In recent years, as our debt grows and our economy fall into chaos, we found ourselves in a very incontinent position faced with an incontinent truth: the finitude of our budget. While Obama is pushing for education reforms (ESEA), the jurisdiction of public education ultimately lies with the states. Limited budget means that money for education is a zero-sum game. Fortunately for some, many states recognize the importance of education and decided to increase taxes in order to sustain funding for education. Unfortunately for the rest, other states are turning their backs on education and making cuts to public schools in order to sustain their budgets.
Unfortunately for us, Georgia is one of those latter states. The budget as of now is looking at more than 2 billion dollars cut from education. As a result, Fulton County has to cut out school sponsored activities and teachers. Things such as after school activities, music programs, clubs, sports are all at risk. More importantly is the latter: cutting out teachers. This would mean that the student teacher ratio would increase, which would means that the quality of education that each student gets would decrease. This also means that there will be less subject areas that would be taught in the schools; Fulton County Board of Education is specifically looking at subject areas that are not part of the core (required) education. This would mean that the flexibility of choosing high school courses is jeopardized.
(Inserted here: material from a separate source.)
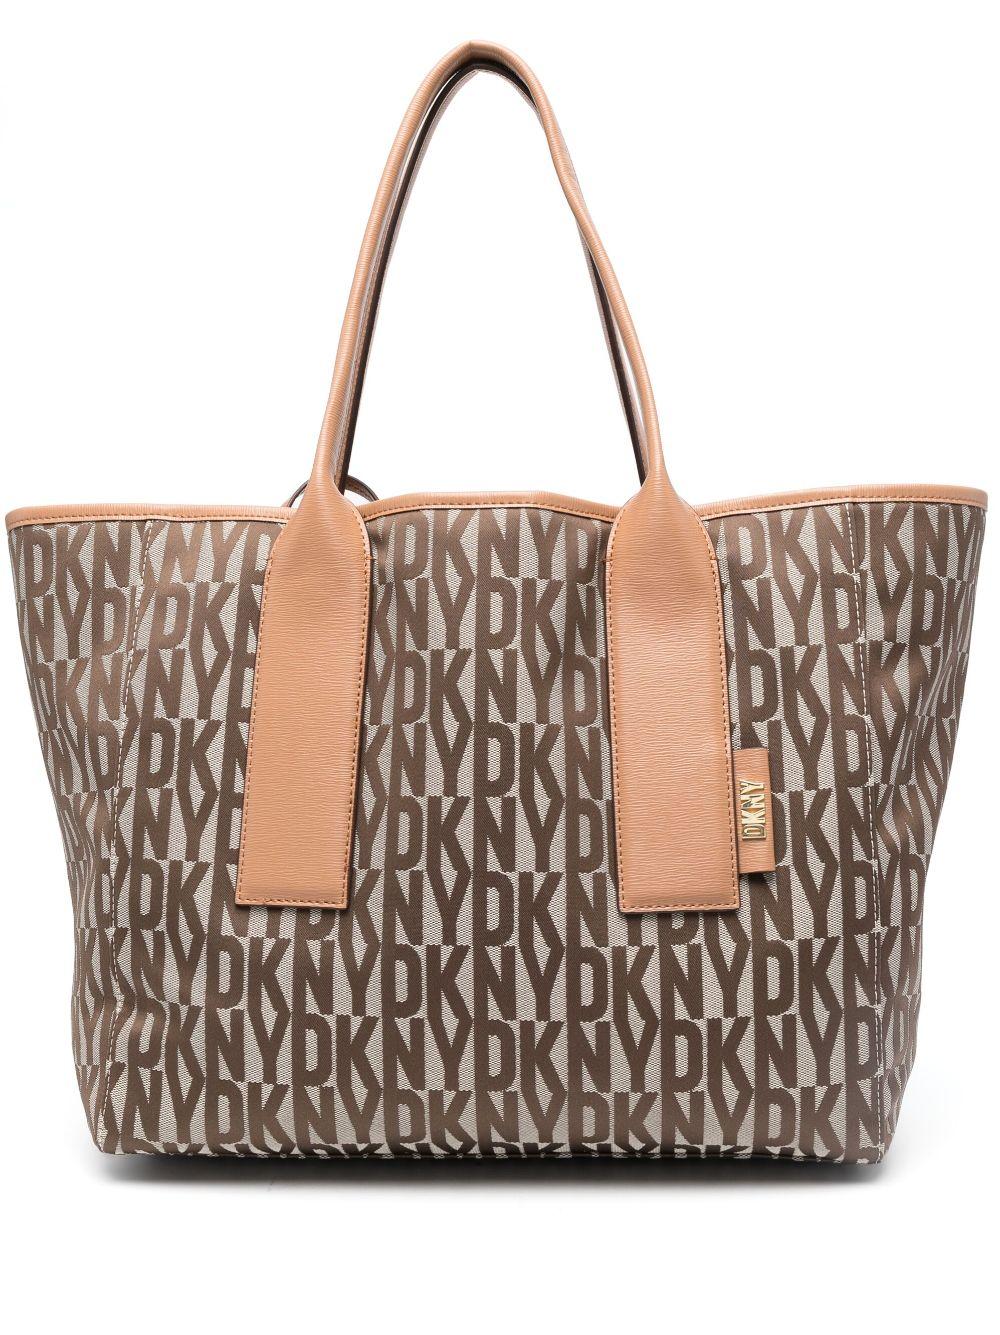 DKNY Grayson Monogram Shopping Bag in Brown

This cut, for me, is ridiculously stupid for many reasons. First reason is that there are states that we can model after to prevent these cuts. Other states increased tobacco taxes; I do not see why Georgia could not (unless Georgia is just afraid that people would stop smoking and become healthier if they did that, which is actually a possibility because according to PRNewswire, Georgia ranked dead last among the states in the area of smoking prevention). Second reason is that I can’t see why Georgia would put education so low on the priority list. Surely there are some other spending cuts that could be made. Third reason is that, well, the short term solution is sitting right in front of us; something like, I don’t know, 90 million dollars of stimulus fund. Fourth is that I do not understand why Georgia is so scare of raising taxes. First of all, raising certain taxes (such as tobacco taxes) is popular for the public, which means that, you know, they would pay and not complain.
As you can see, I am not amused by this decision by Georgia. Let’s just hope we could have something done to somehow change the government’s mind. We should also hope for the passage of the ESEA amendment.